**Task objective**
Beneath this line sits some data. Return only its lines from the one holding "Porn Comics - School" through the one holding "9 common platform-specific", inclusive, exactly, with the images removed.

**Records shown**
- Opening Delimiter -
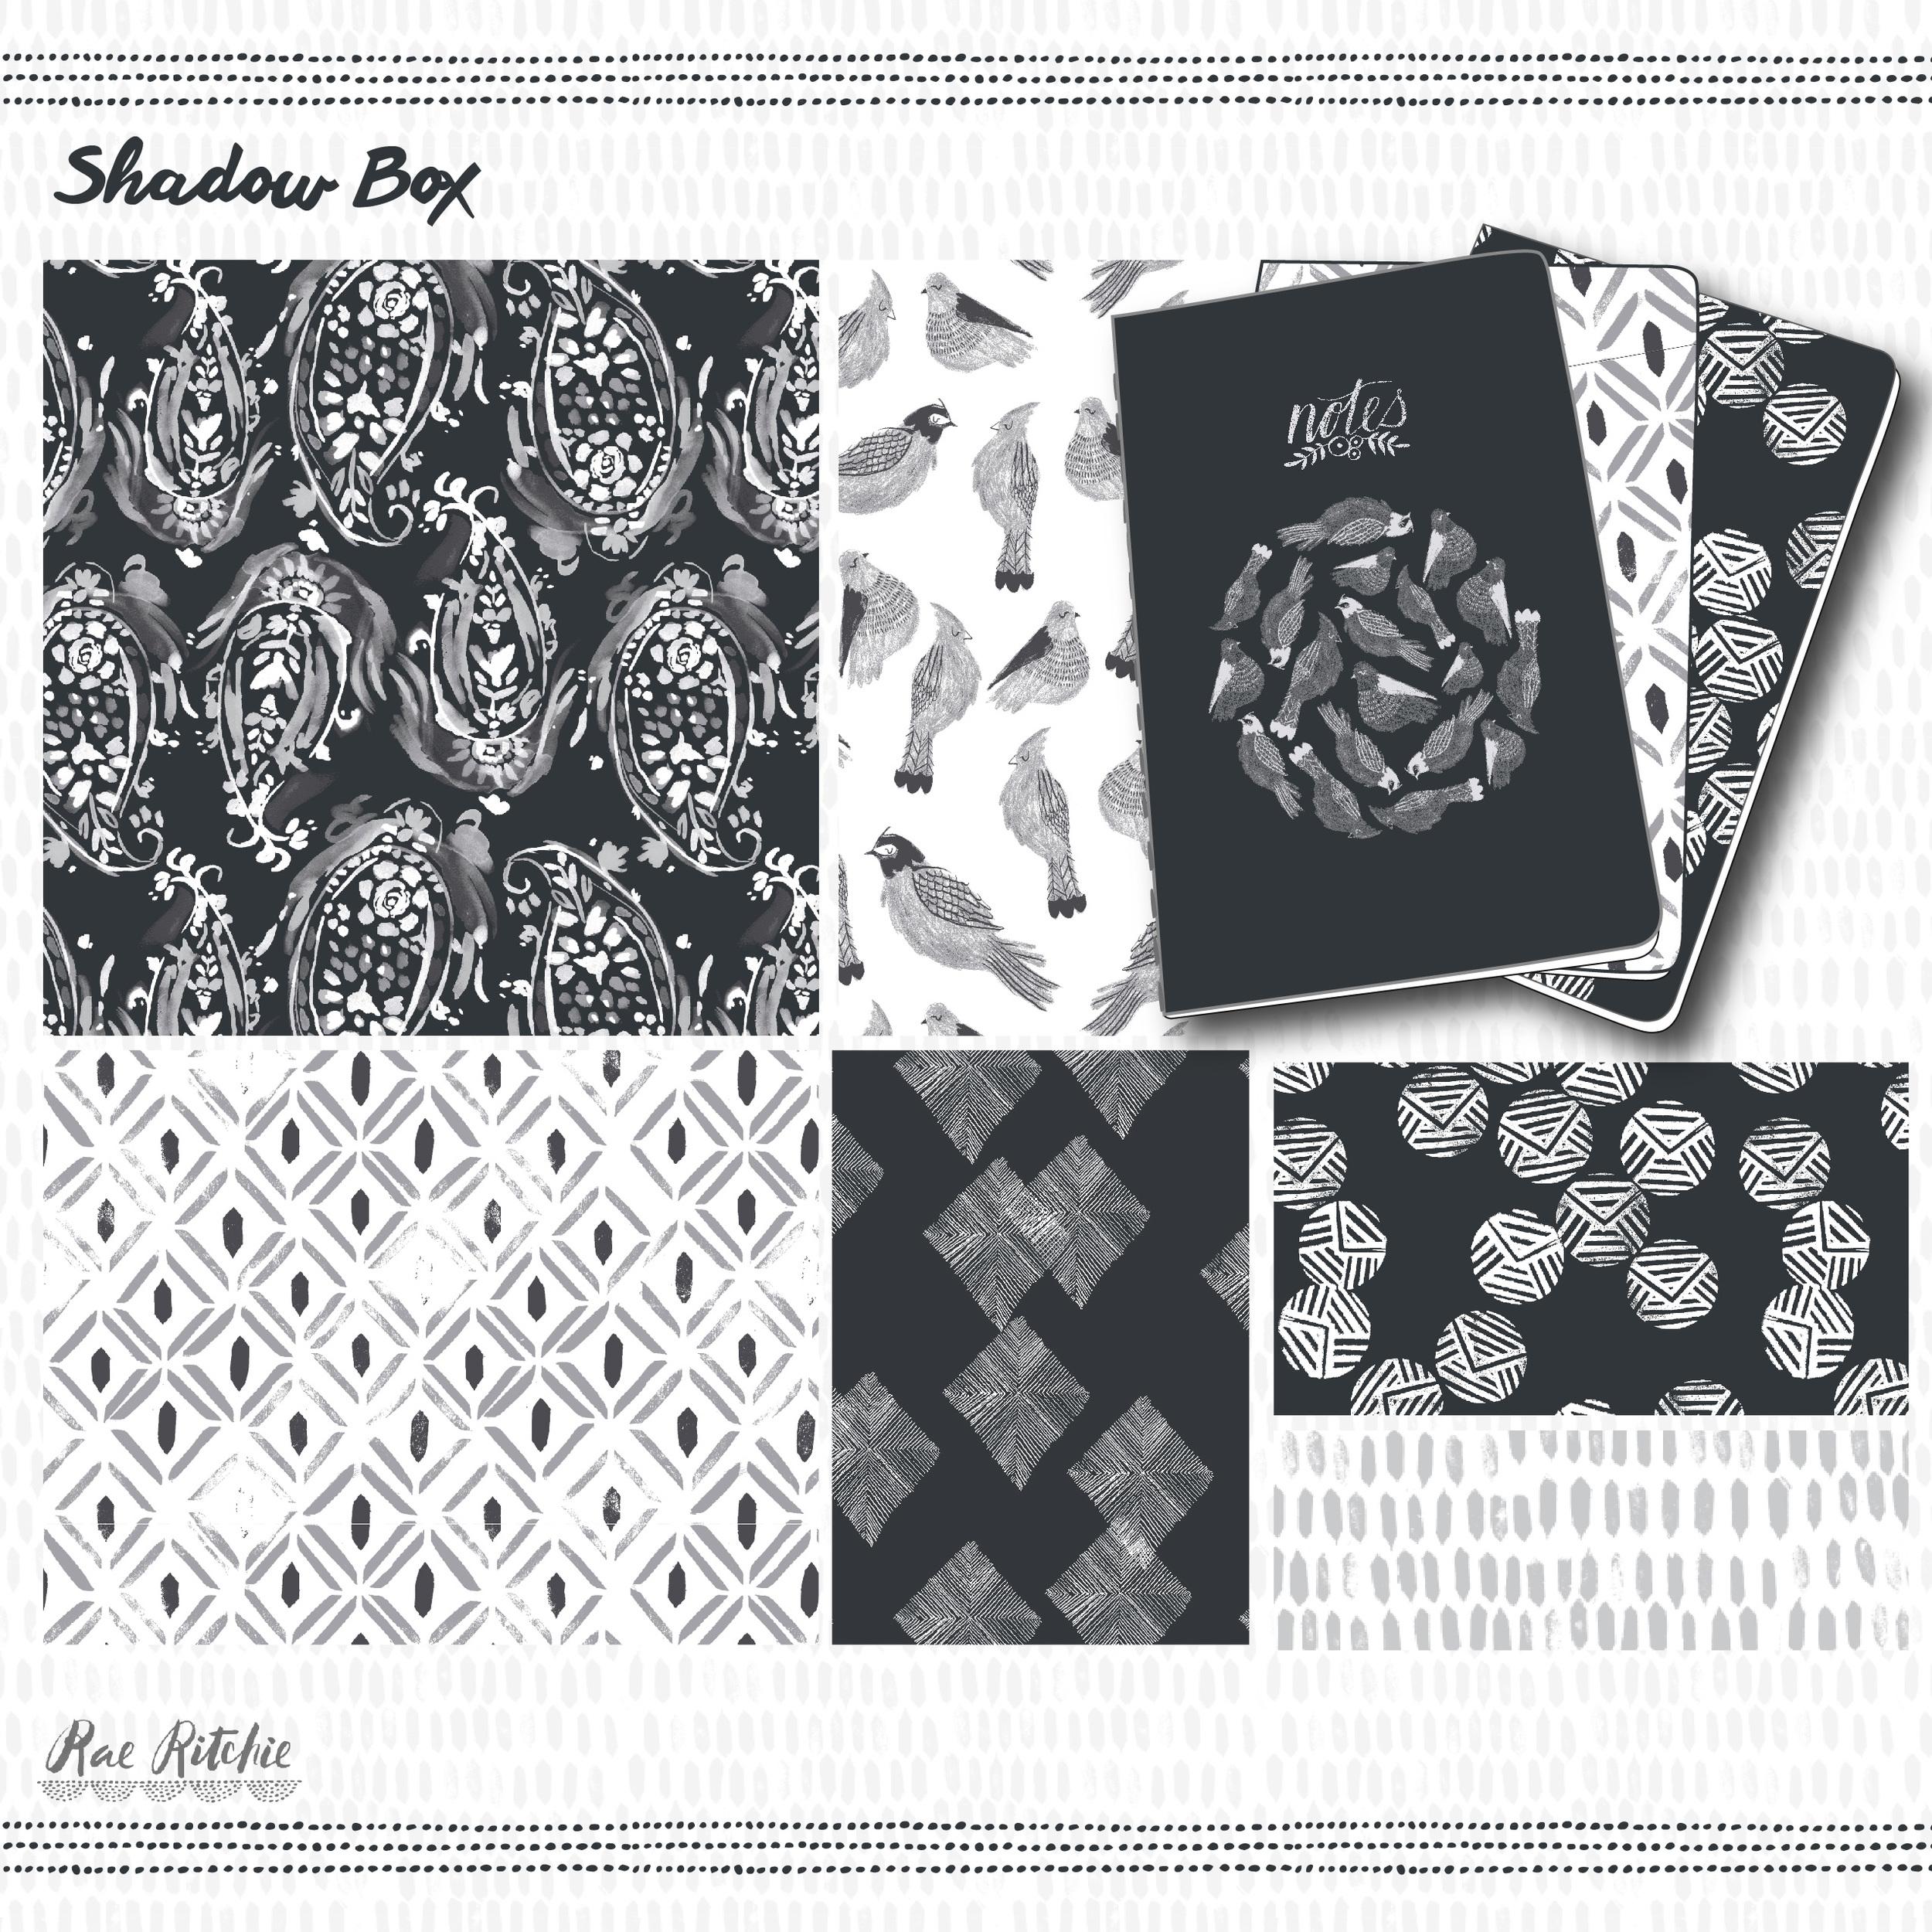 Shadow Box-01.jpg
- Closing Delimiter -
- Opening Delimiter -
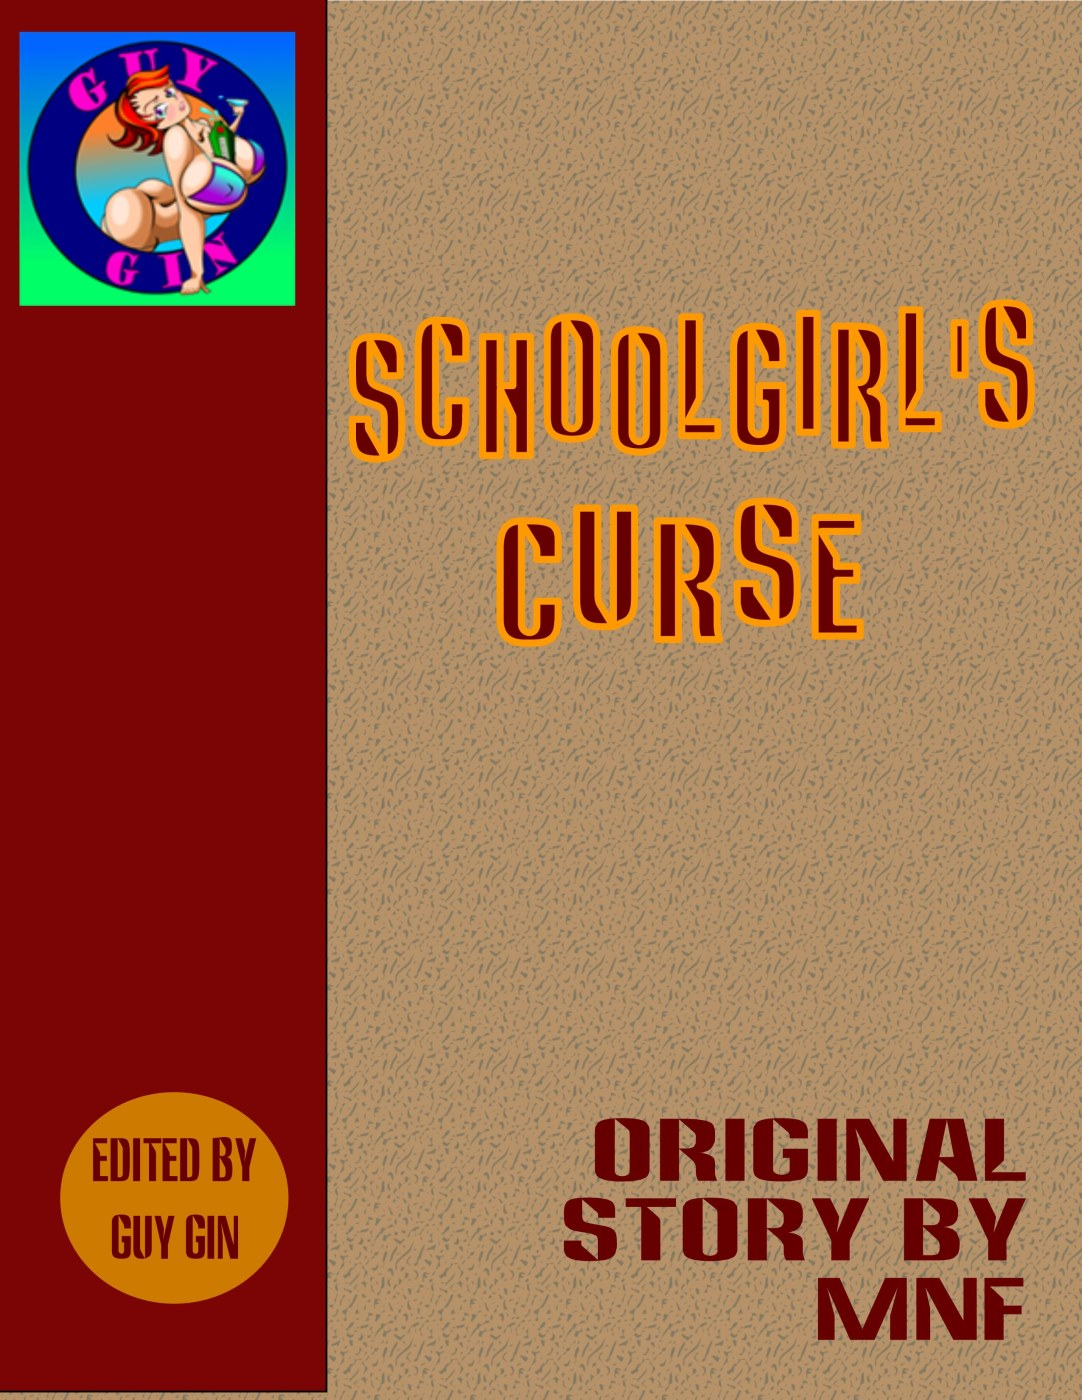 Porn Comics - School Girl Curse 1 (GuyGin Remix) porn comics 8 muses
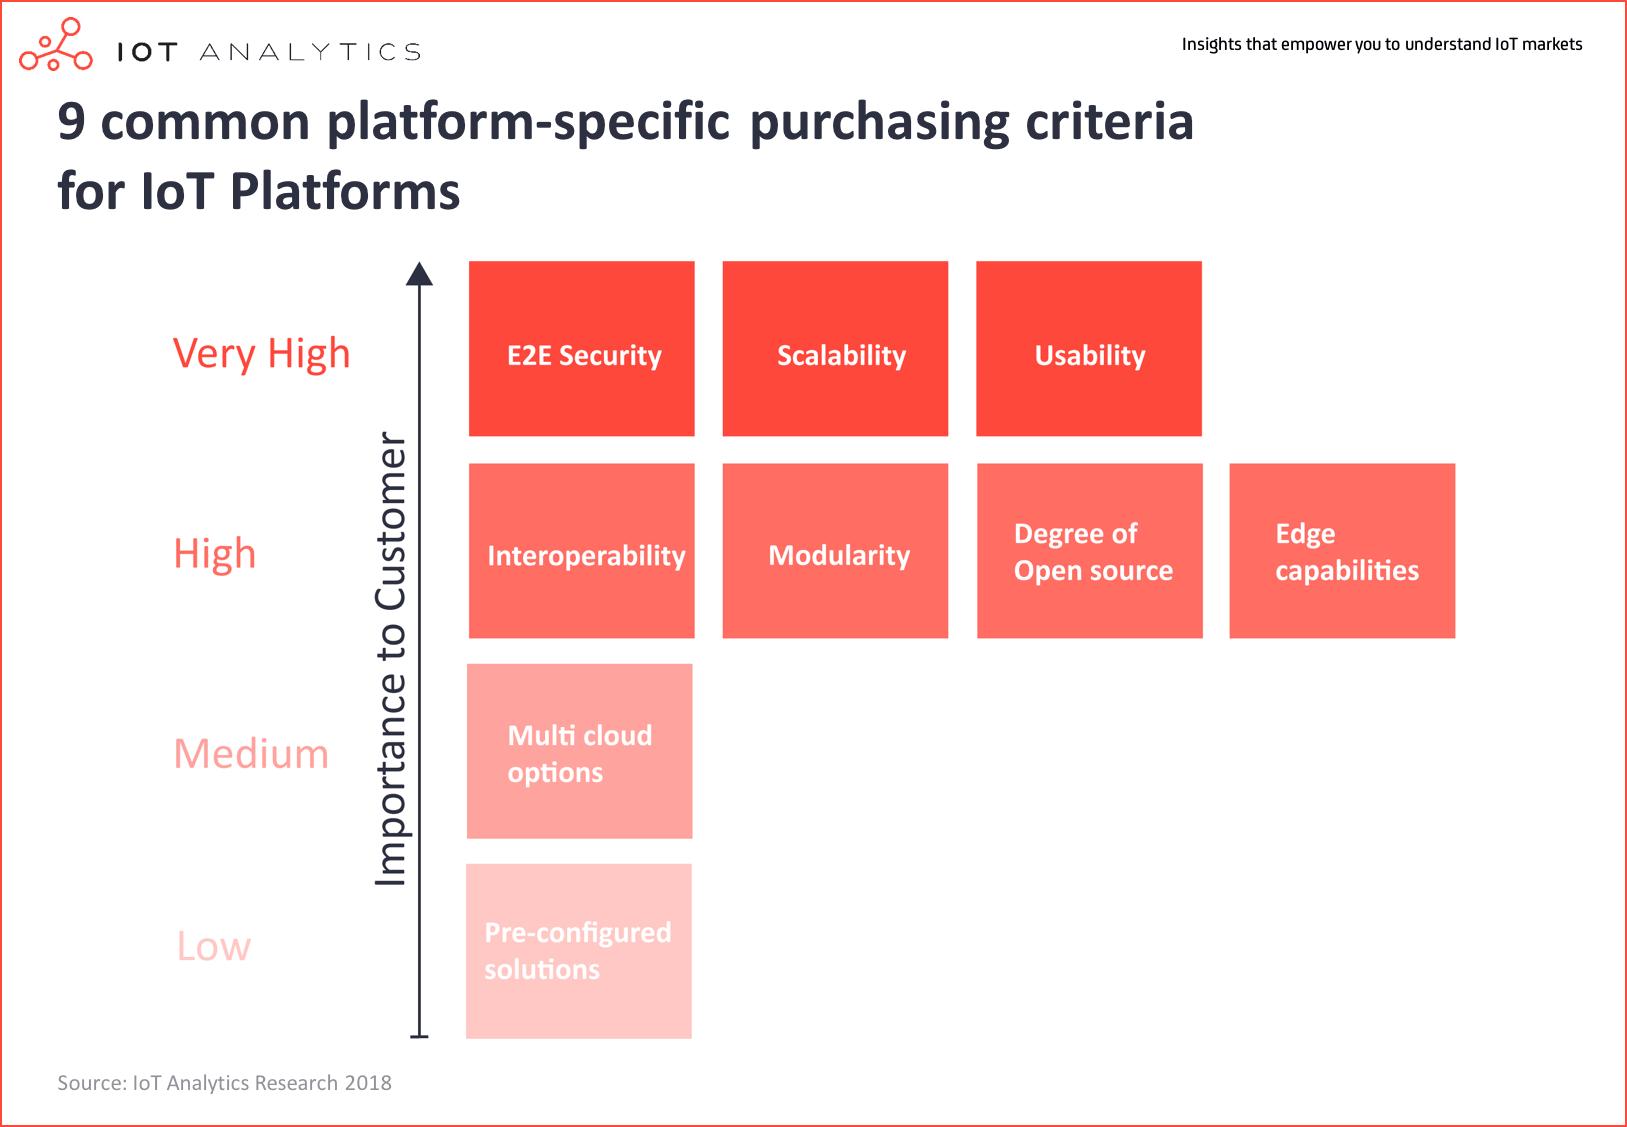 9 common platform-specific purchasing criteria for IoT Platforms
- Closing Delimiter -
**Written response**
 Porn Comics - School Girl Curse 1 (GuyGin Remix) porn comics 8 muses
 9 common platform-specific purchasing criteria for IoT Platforms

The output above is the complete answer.